I have learnt something very valuable today from watching your video Dianne. Thank you for explaining how to paint a pile of leaves and how to make general leaf marks with the flat brush. I am very grateful to you. Keeping with leaves for the moment. You ask for tutorials on what we want to know how to do. Please can you show how to use your brush to suggest leaves on trees in the foreground and mid ground please? Thank you very much. xx
Dear Mrs. Mize, thank you so very much for all your Quick Tips. I`m very glad I found this tutorial and your explanation is just wonderful.
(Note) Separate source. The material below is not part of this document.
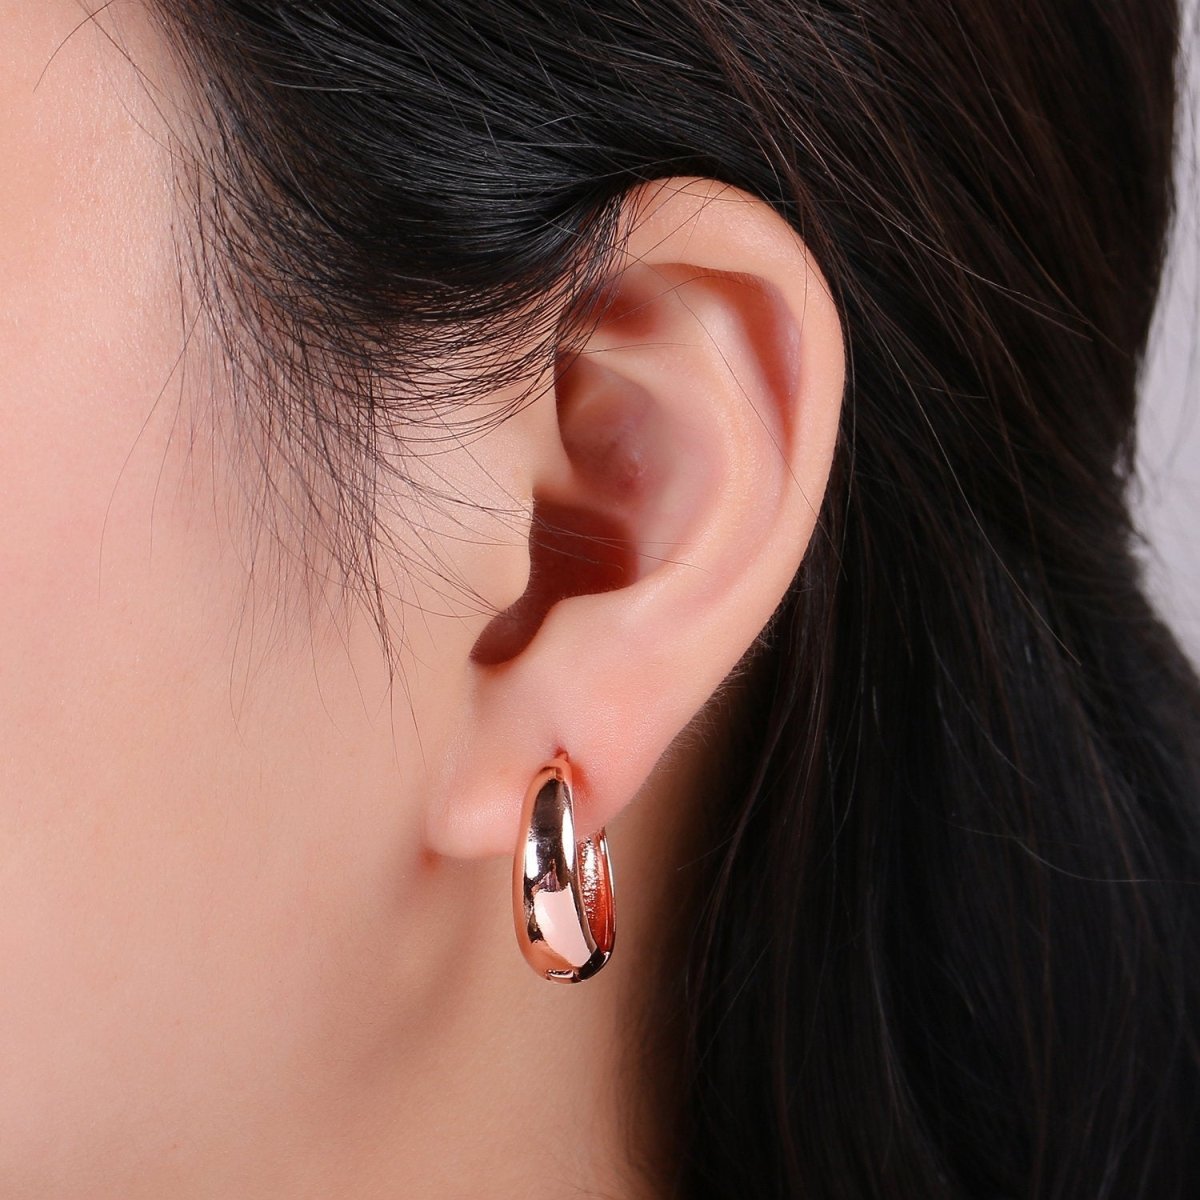 24k Vermeil Gold Earrings, Huggie Earring, Tiny Earrings, Smooth Plated Earrings, Handmade Earring, Everyday Wear Earrings, 20mm Earring K-702 K-704 - DLUXCA

You are a great teacher ;))) TFS
Thank you for teaching how to look at the reference photo and break it down before attempting to paint. Do you have tips for watercolor painting ?! Very much appreciate your teaching style and simplifying a complex object. Thanks again!
Great demo and explanation of in shadow and what is not in shadow. Interesting to me that you prefer not in shadow rather than in the light. I can understand why you use this comparison. You are a wonderful teacher. I look forward to your tips.
Thank so much for this. It's one one of those things you think you understand and then the penny drops even further. And its not about leaves its about people and how much detail you show at different distances. Clearly the detail is different from a head portrait to a figure at distace in a landscape. You dont paint people either - you just follow the guidelines and advice in this tutorial you observe the abstract pattern that hits your eye and paint what you see. So no leaves, no people, no trees, no sea, no hills, no ... Thank you
This was very informative. Thank you for sharing, you inspire me greatly for I am a beginner! Your workshop on value was very organized, constructive and a lot of fun. I will be signing up for more.
Your palette is always so clean when you do these tips. I have a couple of questions on that: 1) do you leave the piles of paint around the perimeter overnight or longer? If so do you just add more paint to the drying piles and will they stay moist?Also, do you mix more paint on your palette than the usual 2 or 3 value lines usually shown? i.e. a 'mother' color and then add variations around the edges or do you paint one area of same hue all over the canvas where needed then come back in with other hues needed on a clean palette? I ask because I could not paint or don't paint in such an organized manner and see that it might be helpful and avoid 'graying' colors too much.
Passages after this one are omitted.